Modern enterprises increasingly lean on high performance computing (HPC) and artificial intelligence (AI) to advance their organizations. The powerful combination of these technologies -- alongside high-performance data analytics - results in better business intelligence, insights to improve productivity, and innovative approaches for new products and services.

Today, many financial institutions rely on AI’s prowess for automatic fraud detection. In the automotive industry, modeling and simulation with HPC systems help design safer, more fuel-efficient cars. AI can also couple with the Internet of Things (IoT) devices and monitor manufacturing equipment for warning signs of failure and notify the appropriate staff to perform required maintenance. Healthcare providers use AI to examine patients’ CT scans to identify anomalies requiring medical intervention. In many cases, AI can evaluate the scans faster than possible for radiologists. In a fast-moving global economy, AI offers remarkable benefits for today’s enterprises seeking to remain leaders in their respective industries.

Implementing AI on HPC

For organizations seeking to enable machine learning, or neural-network based deep learning, four steps frame the process: Data preparation, model creation and training, quantization, and inference.

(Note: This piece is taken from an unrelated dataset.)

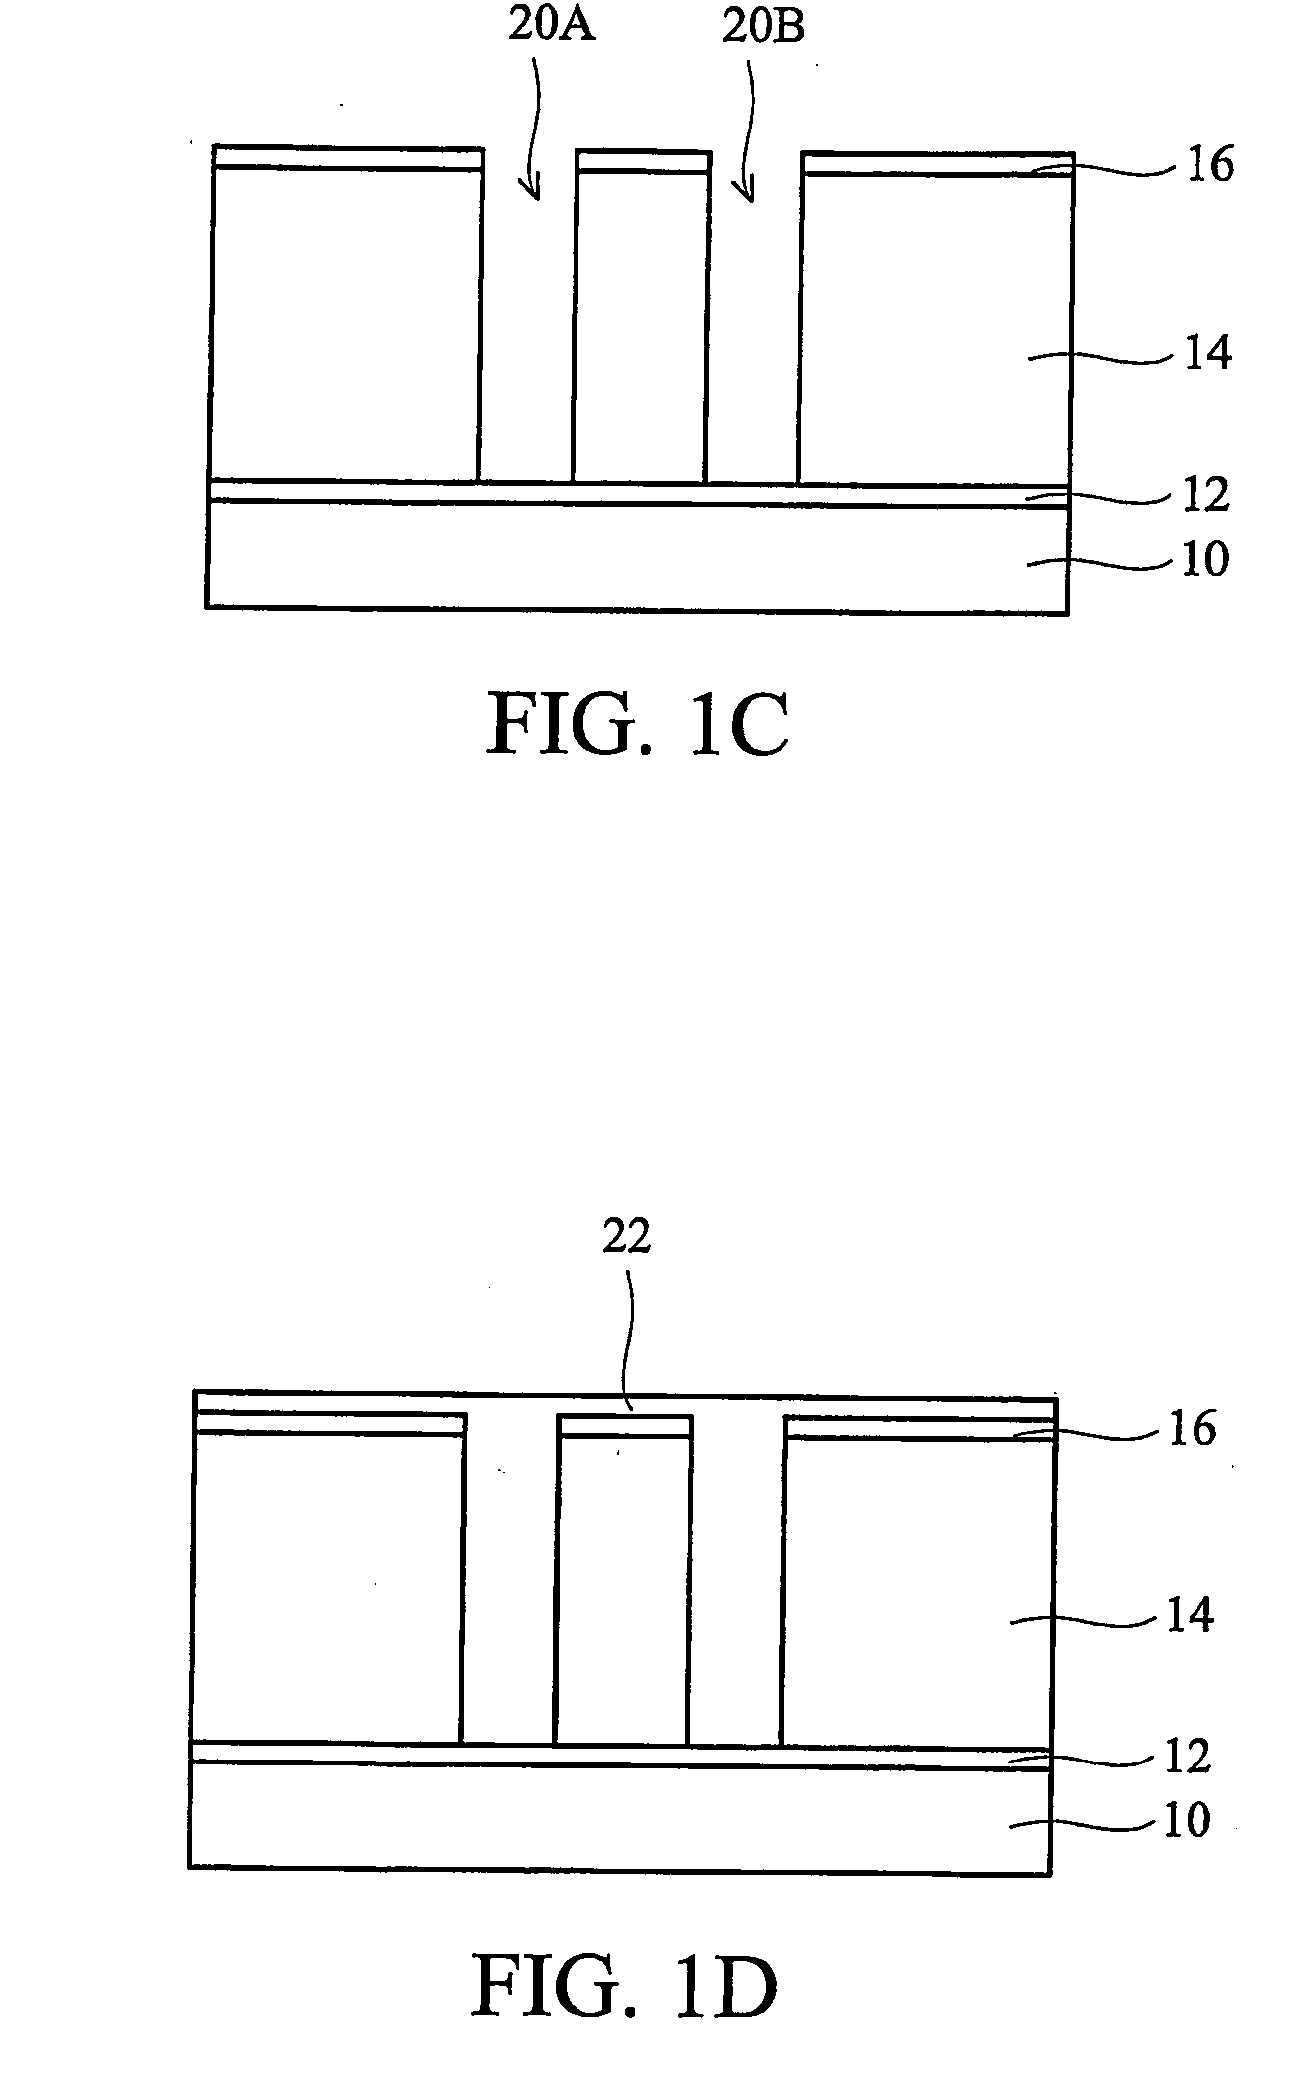 Method for forming dual damascene with improved etch profiles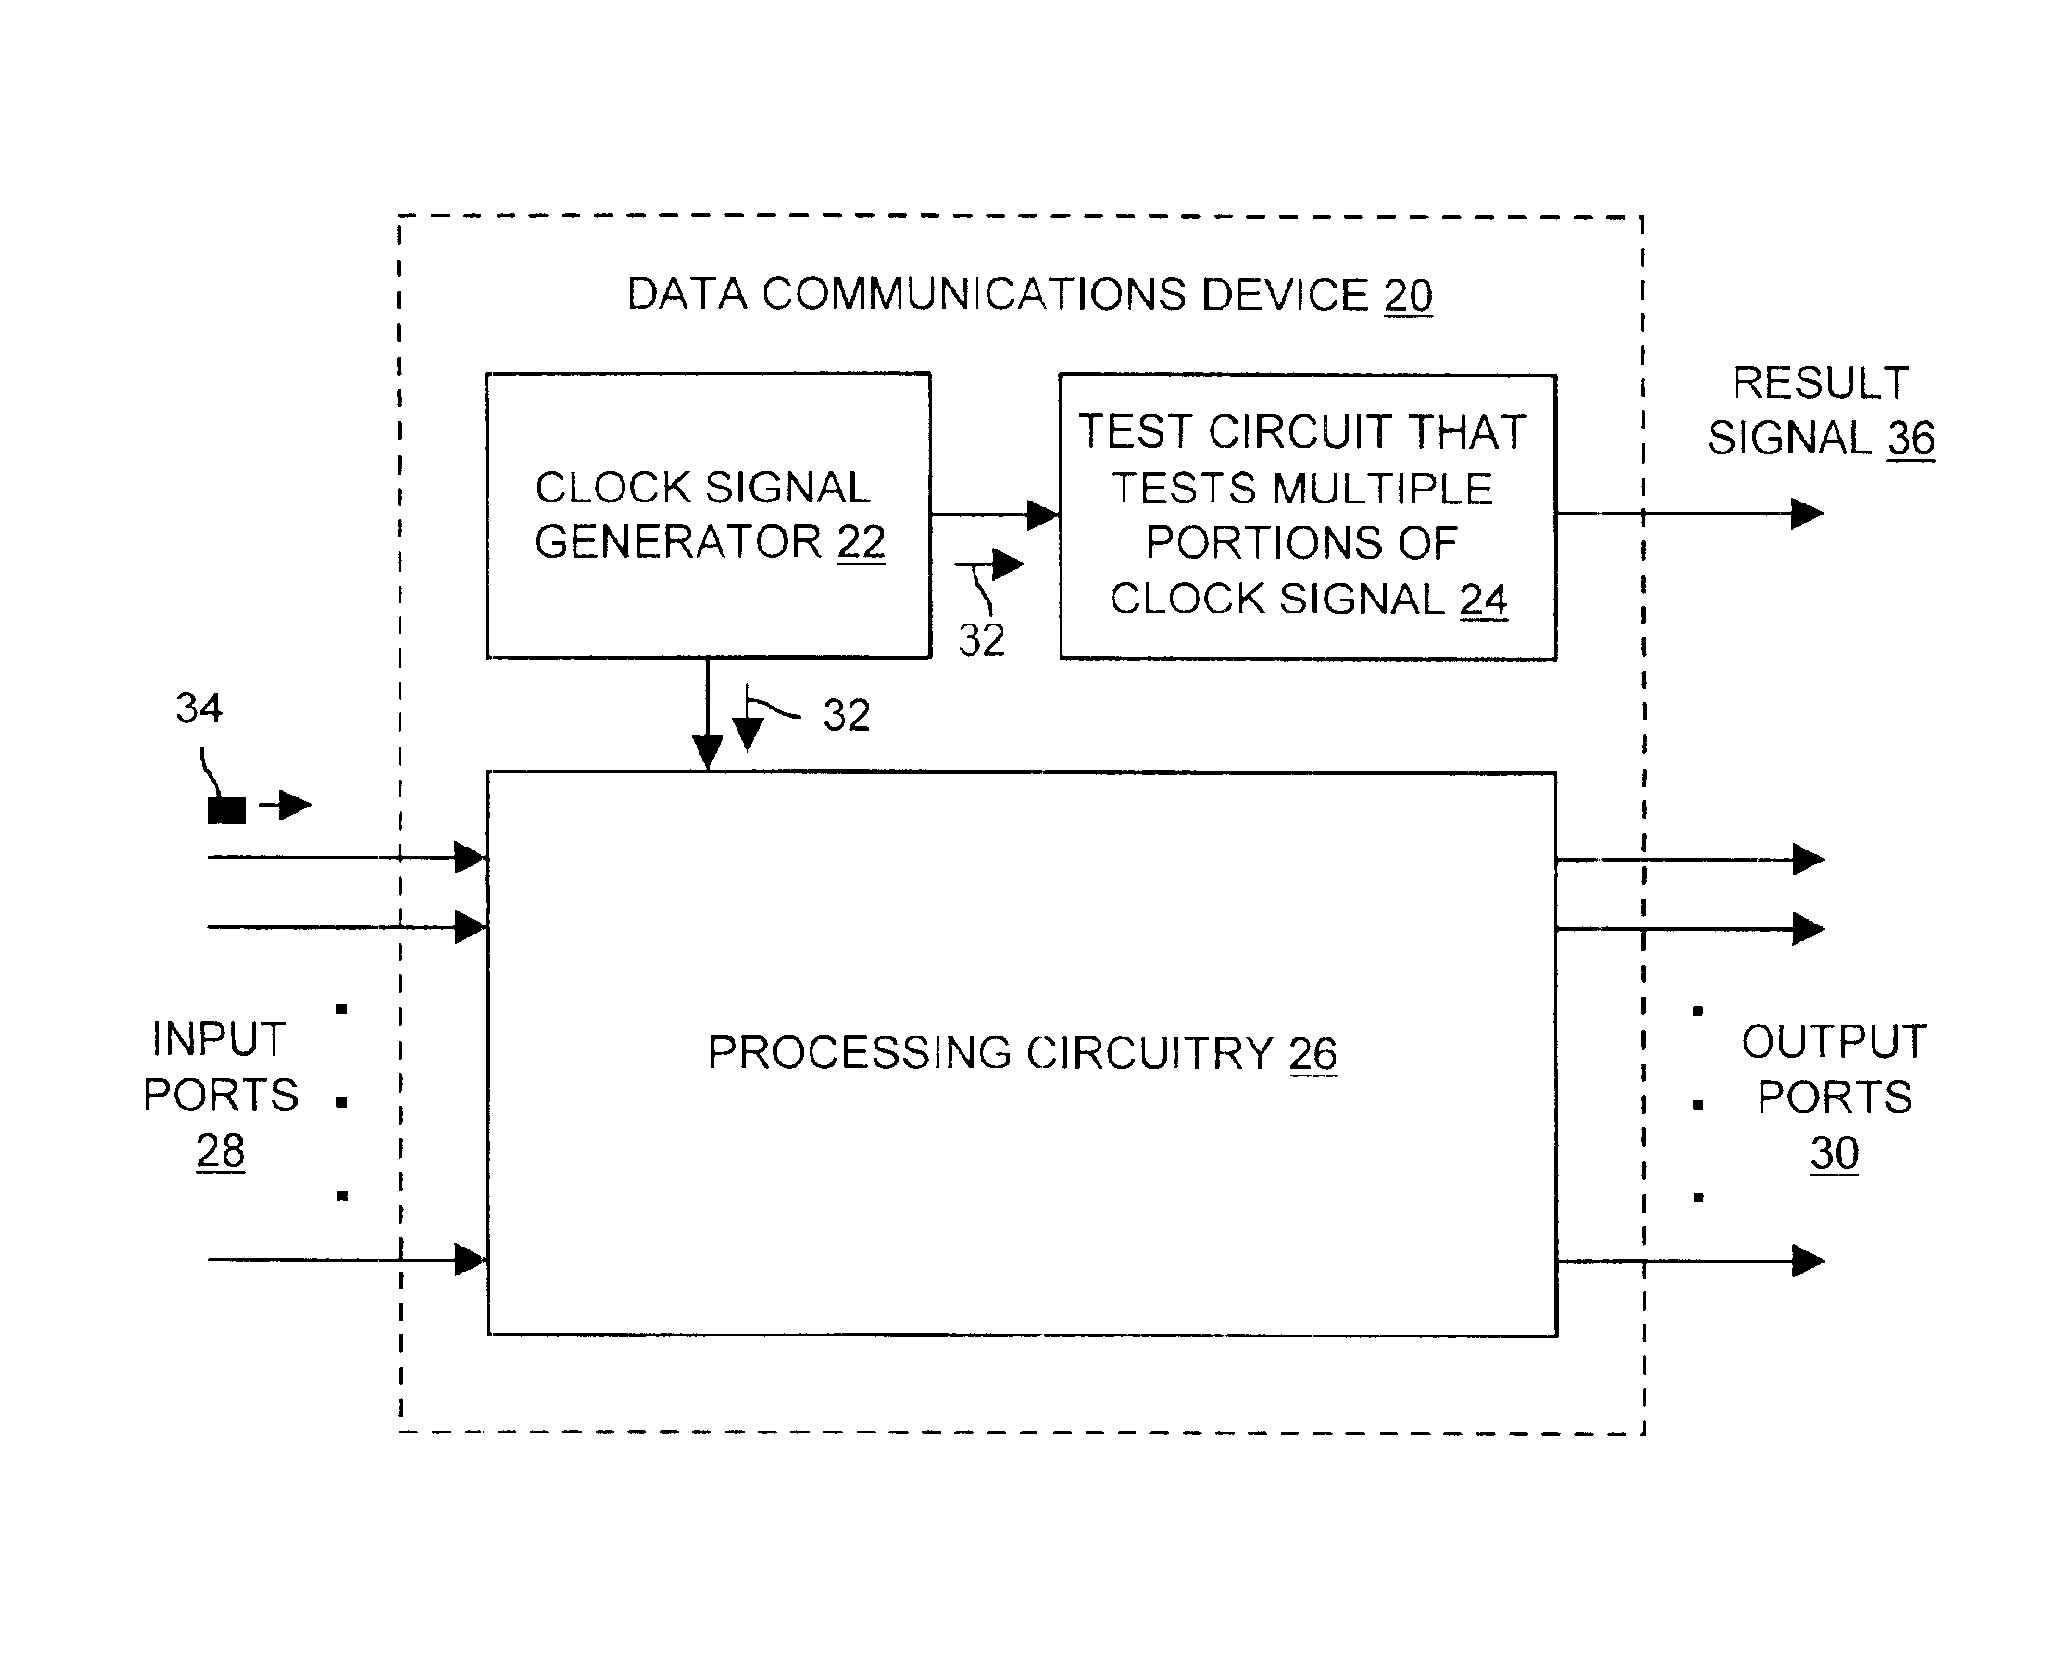 Methods and apparatus for testing a clock signal

  1. Data preparation: Modern corporations have massive volumes of data available to them. Some of that data is structured, tagged, and organized. Other unstructured data, like documents or images, prove more challenging to interpret for meaning. Combining, organizing, and culling data in advance gives AI a jump-start on evaluating it for essential insights.
  2. Model creation and training: AI requires a model, or framework, on which to base its data evaluations. Today, many tools like TensorFlow* (which is optimized for use on Intel® Xeon® platforms) and Apache Spark* help ease this process with tools and libraries to accelerate model creation and implementation. Training a model can take time, and substantial compute resources, making HPC a critical component of the process.
  3. Quantization: In its simplest terms, quantization equates to intelligent data compression. When vast data sets are involved with AI training, quantization helps reduce the size of the data sets to make the process less compute-intensive. Using this technique, enterprises can accelerate calculations and get their AI models up and running more quickly.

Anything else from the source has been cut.